I'm building a web app that retrieves dynamic generated content through puppeteer. I have set up (apache + php) docker containers, one for the p5js project that generates an svg based on a (large, 2MB) json file, and one container with PHP that retrieves that svg. Dockers runs in an Nginx config (nginx for routing, apache for quicker PHP handling). I'm using the cheapest CENTOS server available on digitalocean. So upgrading would definitley help.
I don't want the javascript in the p5js project to be exposed to the public, so I thought a nodejs solution would be best in this scenario.
The PHP page does a shell_exec("node pup.js")
. It basically runs in approx 1-3 seconds which is perfect.
Problem is when I try to test a multi user scenario and open 5 tabs to run this PHP page, the loadtime drops to even 10+ seconds, which is killing for my app.
So the question would be how to set up this architecture (php calling a node command) for a multi user environment.
===
I've tried several frameworks like x-ray, nightmare, jsdom, cheerio, axios, zombie, phantom just trying to replace puppeteer. Some of the frameworks returned nothing, some just didn't work out for me. I think I just need a headless browser solution, to be able to execute the p5js. Eventually puppeteer gets the job done, only not in a multi-user environment (I think due to my current php shell_exec puppeteer architecture).
Maybe my shell_exec workflow was the bottleneck, so I ended up building a simple node example.js
which waits 5 seconds before finish (not using puppeteer), and I ran this with several tabs simultaneously, works like a charm. All tabs load in about 5-6 seconds.
I've also tried pm2
to test if my node command was the bottleneck, I did some testing on the commandline, with no major results and I couldn't get PHP to run a pm2 command, so I dropped this test.
I've tried setting PuPHPeteer up, but couldn't get it to run.
At some time I thought it had something to do with multiple puppeteer browsers launched, but I've read that this should be no problem.
The PHP looks like:
<?php
$puppeteer_command = "node /var/www/pup.js >&1";
$result = shell_exec($puppeteer_command);
echo $result;
?>
My puppeteer code:
const puppeteer = require('puppeteer');
let url = "http://the-other-dockercontainer/";
let time = Date.now();
let scrape = async () => {
const browser = await puppeteer.launch({
args: ['--no-sandbox']
});
const page = await browser.newPage();
await page.goto(url);
await page.waitForSelector('svg', { timeout: 5000 });
let svgImage = await page.$('svg');
await svgImage.screenshot({
path: `${time}.png`,
omitBackground: true,
});
await browser.close();
return time;
}
scrape().then((value) => {
console.log(value); // Success!
});
I was thinking about building the entire app in nodejs if that is the best solution, but I've put so many hours in this PHP infrastructure, I'm at the point of really like getting some advice :)

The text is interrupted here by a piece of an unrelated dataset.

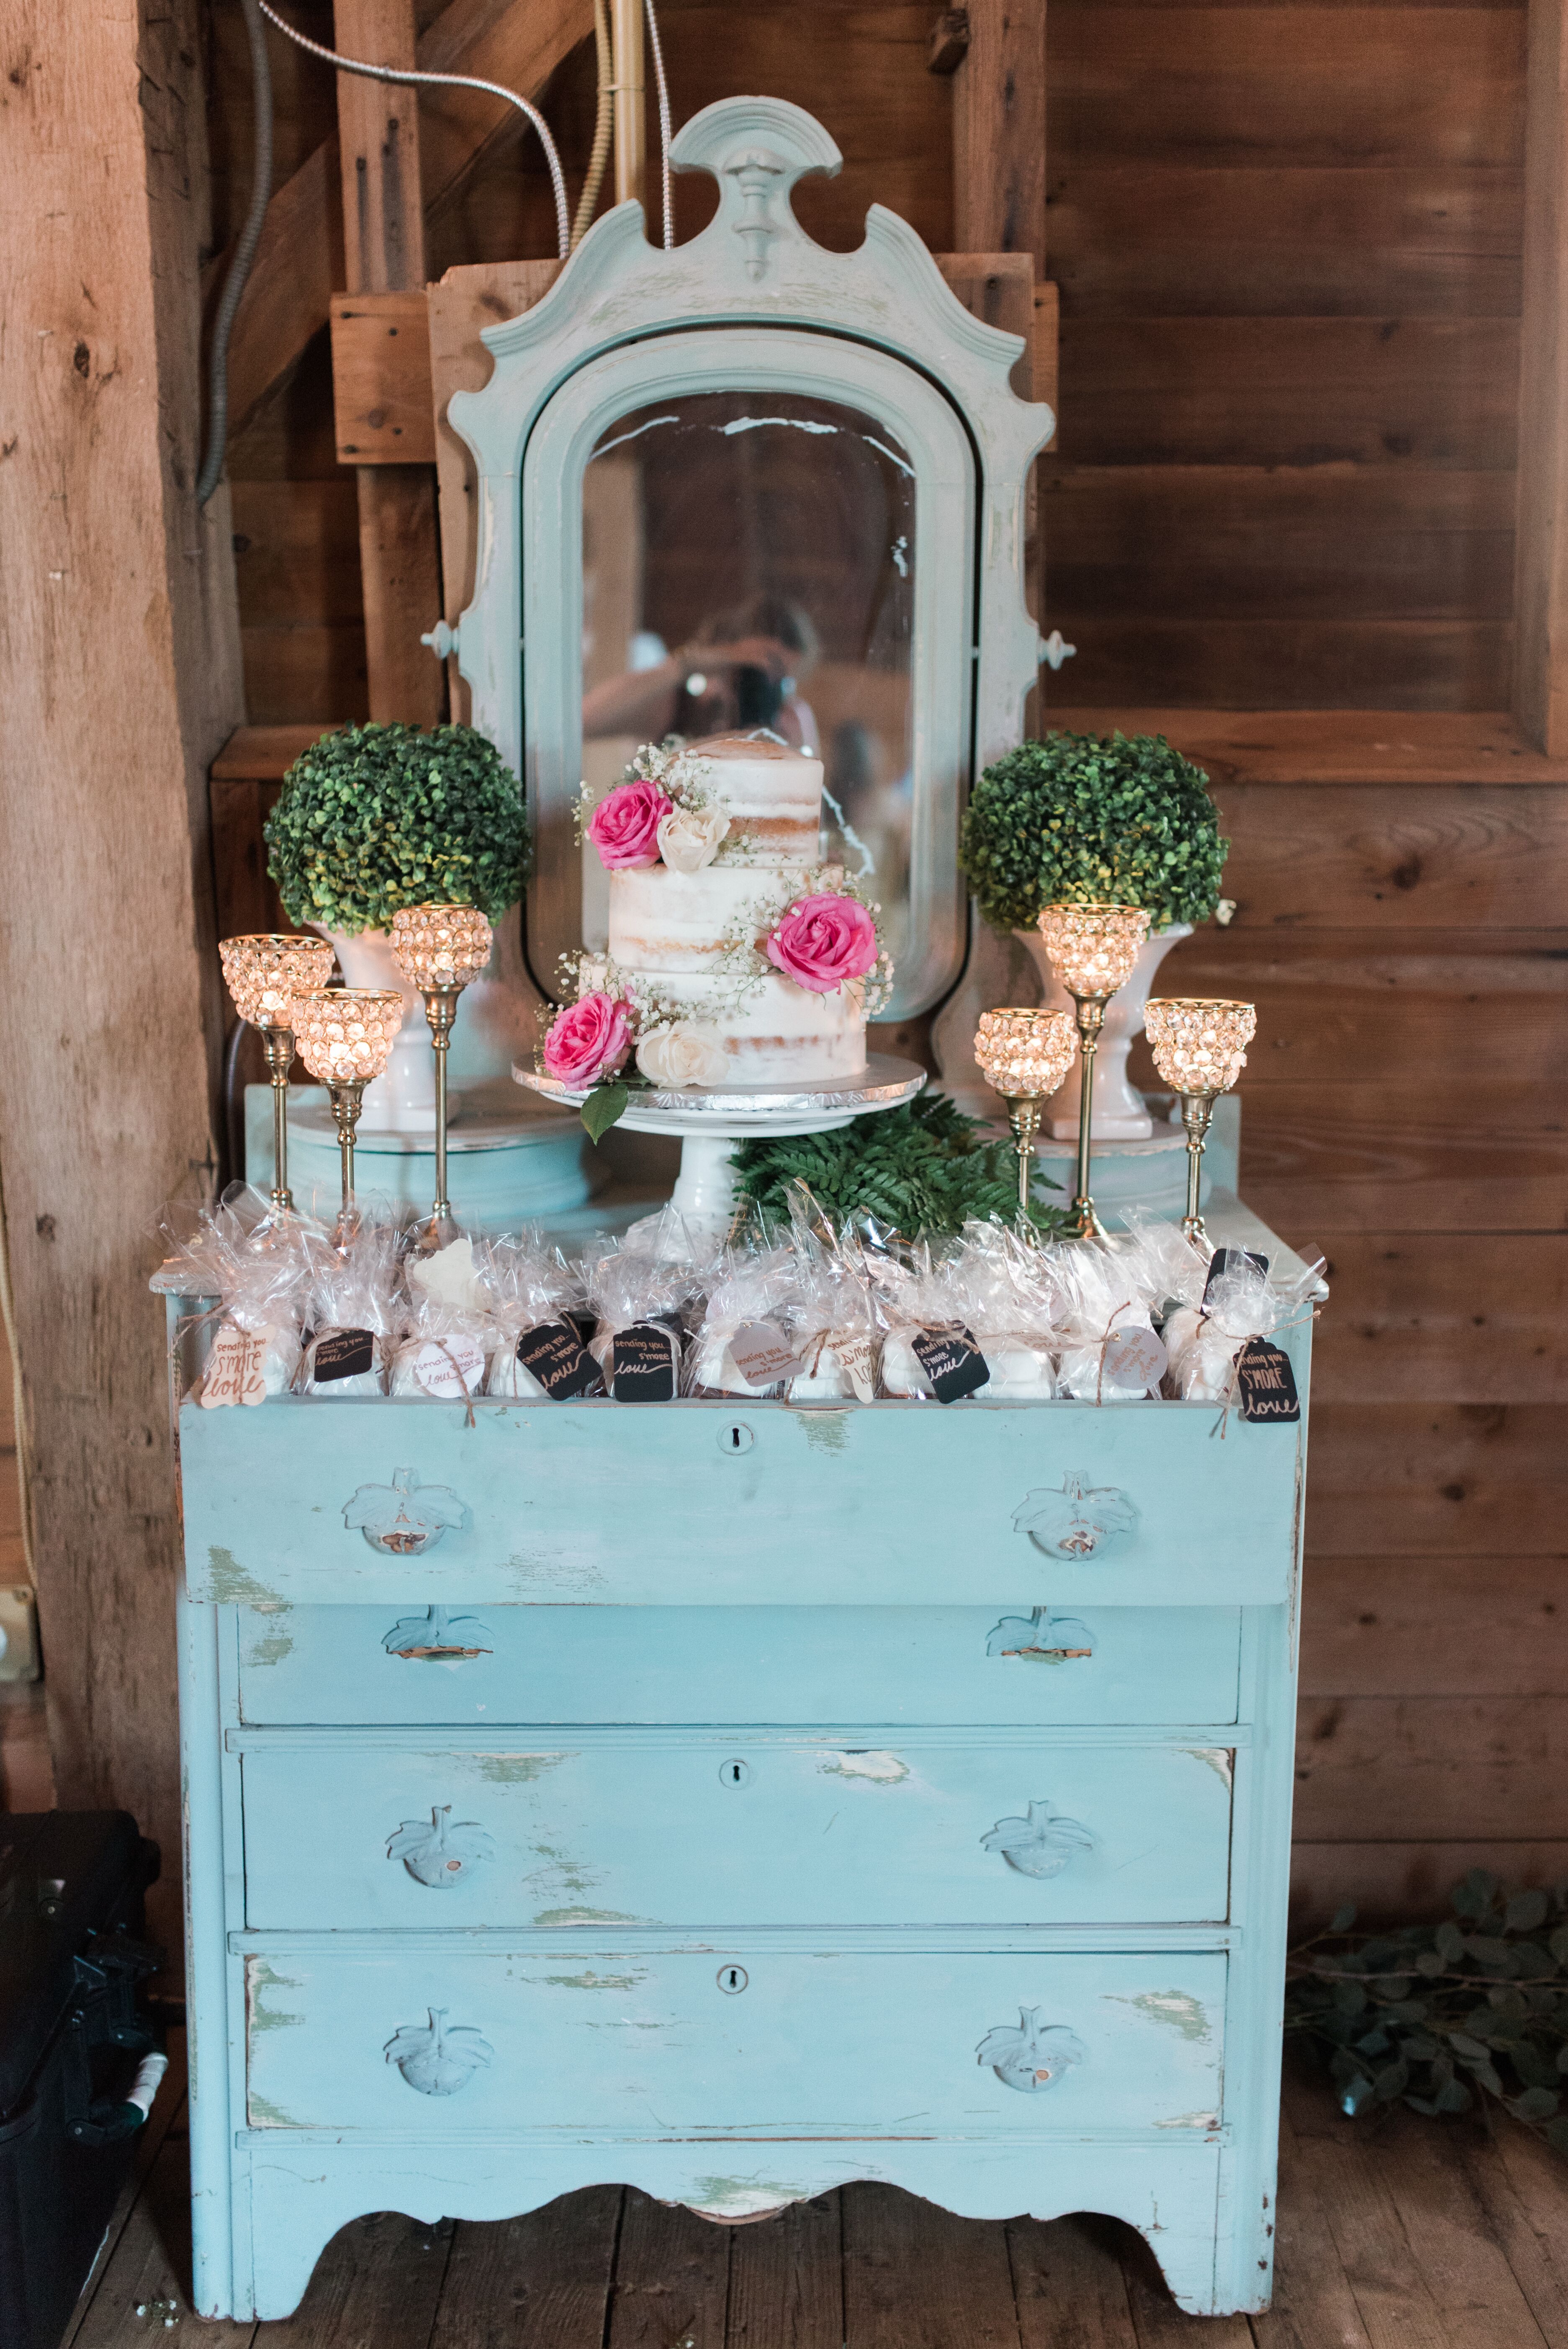 Rustic Cake And Favor Display On Light Blue Vanity

Since I have full control over the target and destination site one brainfart would be to have node to serve a server which accepts a json file and return the svg based on a local p5js site, but don't now (yet) if this would be any different.
UPDATE
So thanks to some comments, I've tried a new approach: not using p5js, but native processing code (java). I've exported the processing code to a linux 64bit application and created this little nodejs example:
var exec = require('child_process').exec;
var cmd = '/var/www/application.linux64/minimal';
exec(cmd, processing);
// Callback for command line process
function processing(error, stdout, stderr) {
// I could do some error checking here
console.log(stdout);
};
When I call this node example.js within a shell_exec in PHP, I get this:
First call takes about 2 seconds. But when I hit a lot of refreshes, time is again building up by a lot of seconds. So, clearly, my understanding of multithreading is not that good, or am I missing something crucial in my testing?